In this section, we compare the proposed method with four conventional machine learning algorithms. For simplicity, all the conventional algorithms use their default parameters. We adopt a class imbalance ratio of 10 as an example. The classification results are given in Table 4 in terms of TPR, FPR, precision, F1-score, G-mean, and Kappa on the test data.

From Table 4, we can see that the class imbalance problem strongly affects the performances of the conventional machine learning algorithms. For example, the TPR value of the SVM algorithm is only 0.10, which indicates that a large number of spam samples (the minority class) are misclassified as non-spam (the majority class). This also causes the G-mean value of SVM to be only 0.31 and the Kappa value of SVM to be 0.16. Although the GNB method achieves a performance of 0.91, its false positive rate reaches 0.81. Therefore, its precision, F1-score and Kappa values, are the lowest. These results show that a large number of non-spam samples are misclassified as spam samples.

Figure 4 presents the classification performance of each method in terms of TPR, FPR, precision, F1-score, G-mean, and Kappa. The histogram chart illustrates that only the CART method and our method have stable metrics; the other methods have large fluctuations. For example, the precision of SVM is 0.77, but its TPR is 0.10, F1-score is 0.18, and its Kappa is 0.16, which means that the method is highly influenced by the majority class, and the classification results tend toward non-spam. The TPR, precision, F1-score, and Kappa of CART method show stable performance within the range 0.50–0.57, but these values are lower than those of our approach.

In comparison to the conventional machine learning algorithms on the same dataset, Table 4 and Figure 4 show that our approach performs better than other approaches. In particular, the F1-score value (70%) and Kappa value (67%) of our approach are much higher than those of the other methods.

4.4.2. Comparisons with Class Imbalance Methods

On the basis of the comparisons in the previous section of our proposed algorithm with conventional machine learning algorithms, we further compare our algorithm with more advanced algorithms regarding their abilities to solve the class imbalance problem. Section 2.2 mentions that ensemble learning can effectively improve the performance when faced with class imbalance problems. Therefore, we add ensemble learning algorithms that use majority voting as an ensemble strategy to the comparison. CSDNN is an algorithm based on cost sensitivity learning as discussed in Section 3.2, while AdaCost, MetaCost, and WSNN are all improved algorithms based on cost sensitive learning. Table 5 presents a comparison of the above algorithms in terms of TPR, FPR, precision, F1-score, and Kappa.

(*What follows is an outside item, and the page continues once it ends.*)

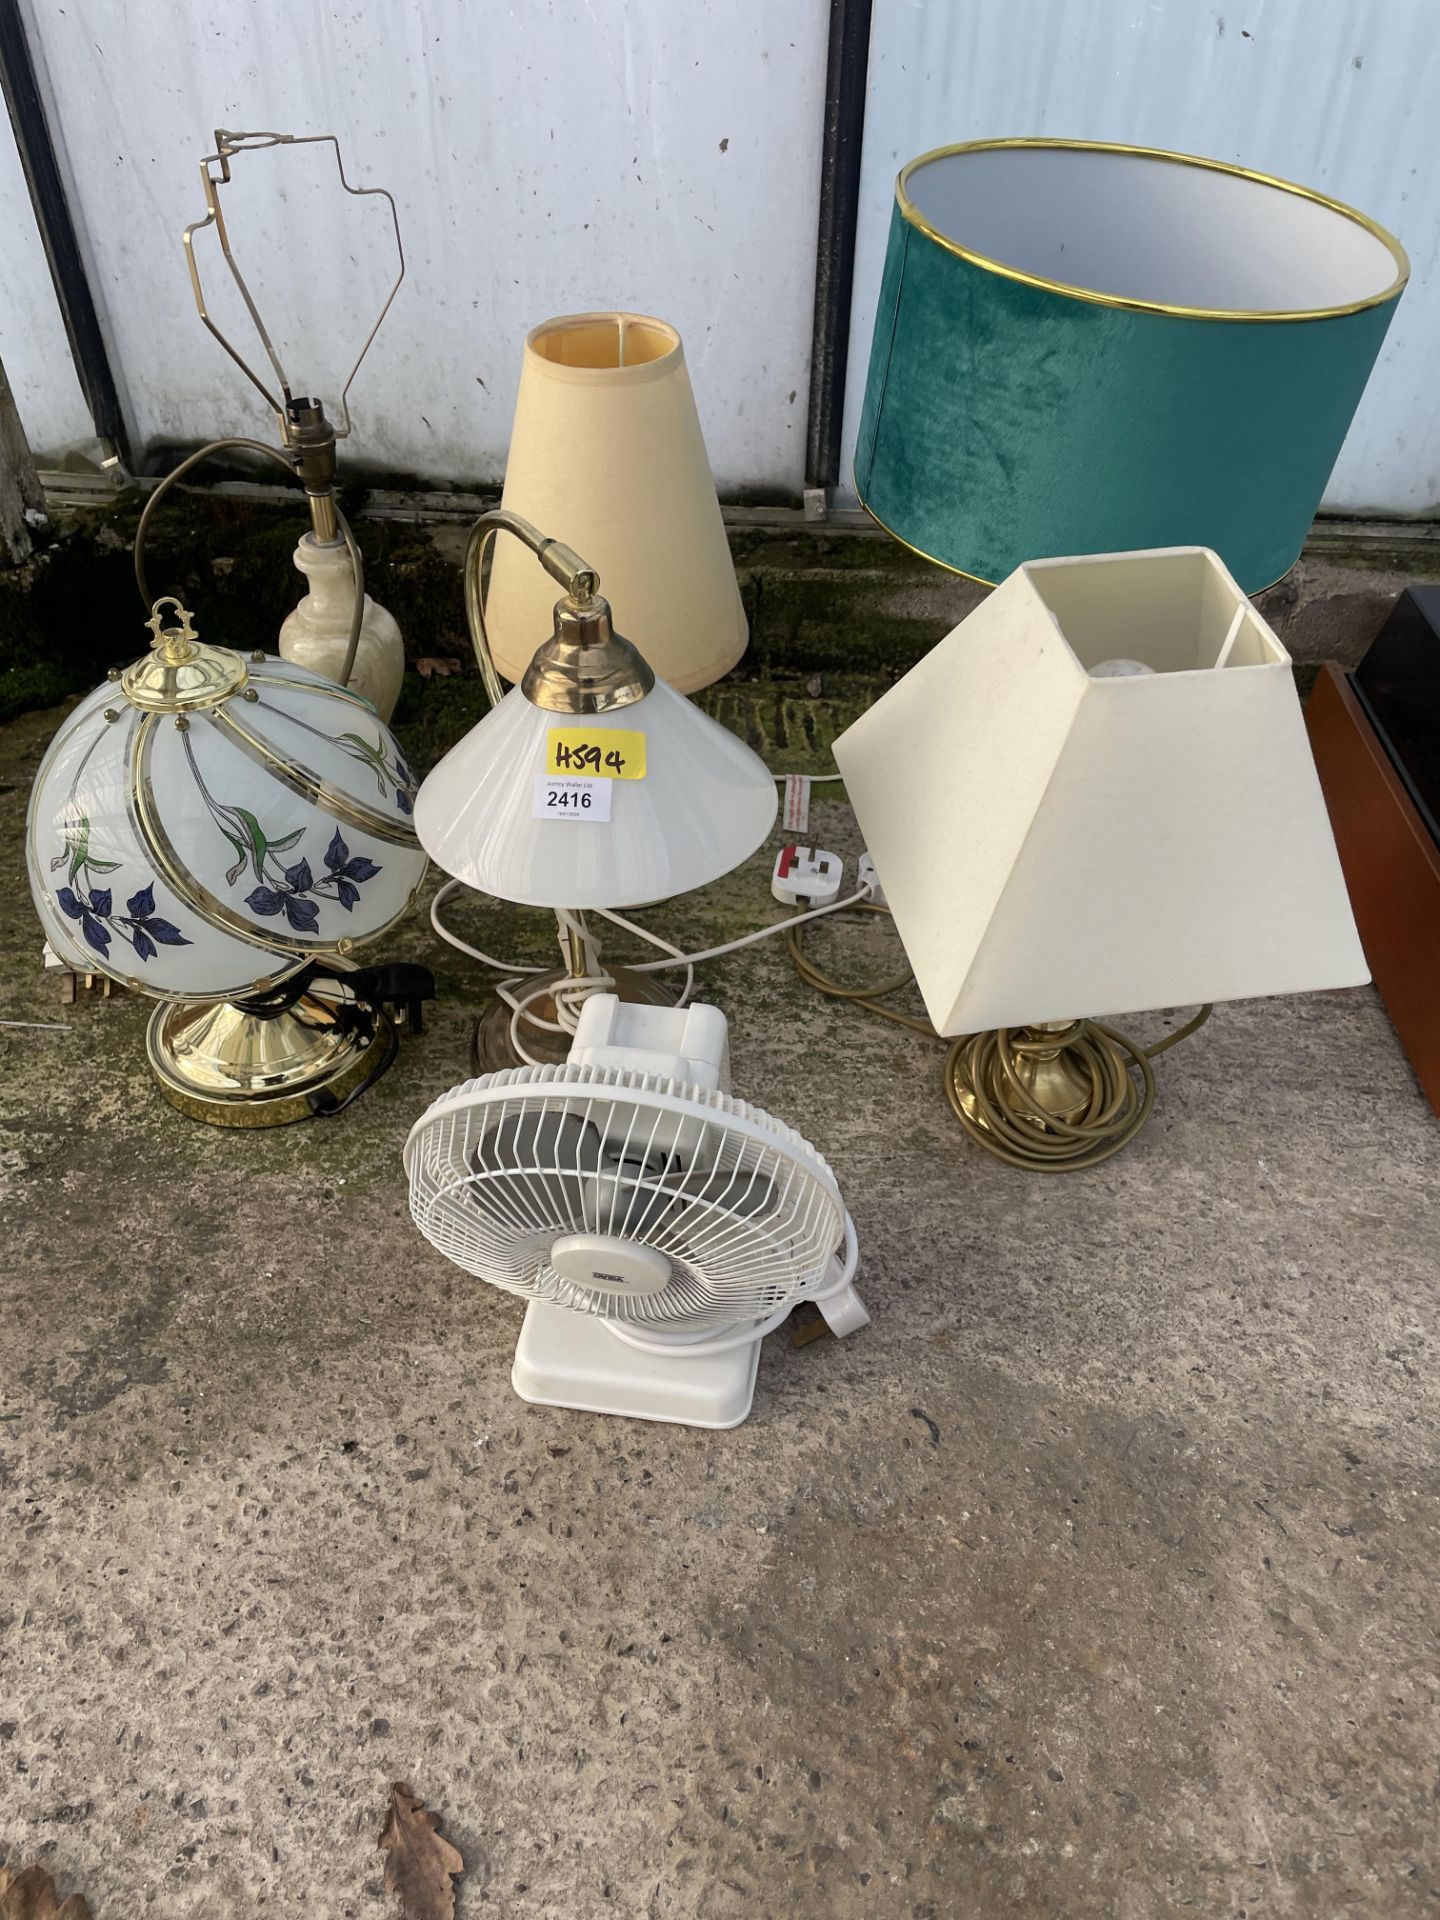 AN ASSORTMENT OF TABLE LAMPS AND A FAN

As shown in Table 5, the performances of these improved methods are significantly better than those of the conventional machine learning algorithms. For example, the TPR value in Table 5 fluctuates less than that in Table 4 and the mean value is higher. The same phenomenon occurs for G-mean, with an average of 0.78 in this experiment, but an average of 0.59 in the previous experiment. These results show that the methods in this experiment provide improvements when faced with class imbalance problems.

Figure 5 intuitively illustrates an experimental comparison between our proposed method and the improved methods. Considering the MetaCost method as an example, the TPR of this method is 0.69, which is very close to the 0.70 achieved by our method, but its accuracy, F1-score, and Kappa are 0.3, 0.19, and 0.22 lower than those of our method. This phenomenon indicates that although the method obtains a better positive sample recognition rate, it also misclassifies a large number of negative samples. In the same way, the ensemble learning method achieved good results in this group of experiments, but its accuracy and F1-score are 7% and 4% lower than that of our method, and its Kappa is 5% lower. Therefore, our method yields good performances as compared with those of other improved methods.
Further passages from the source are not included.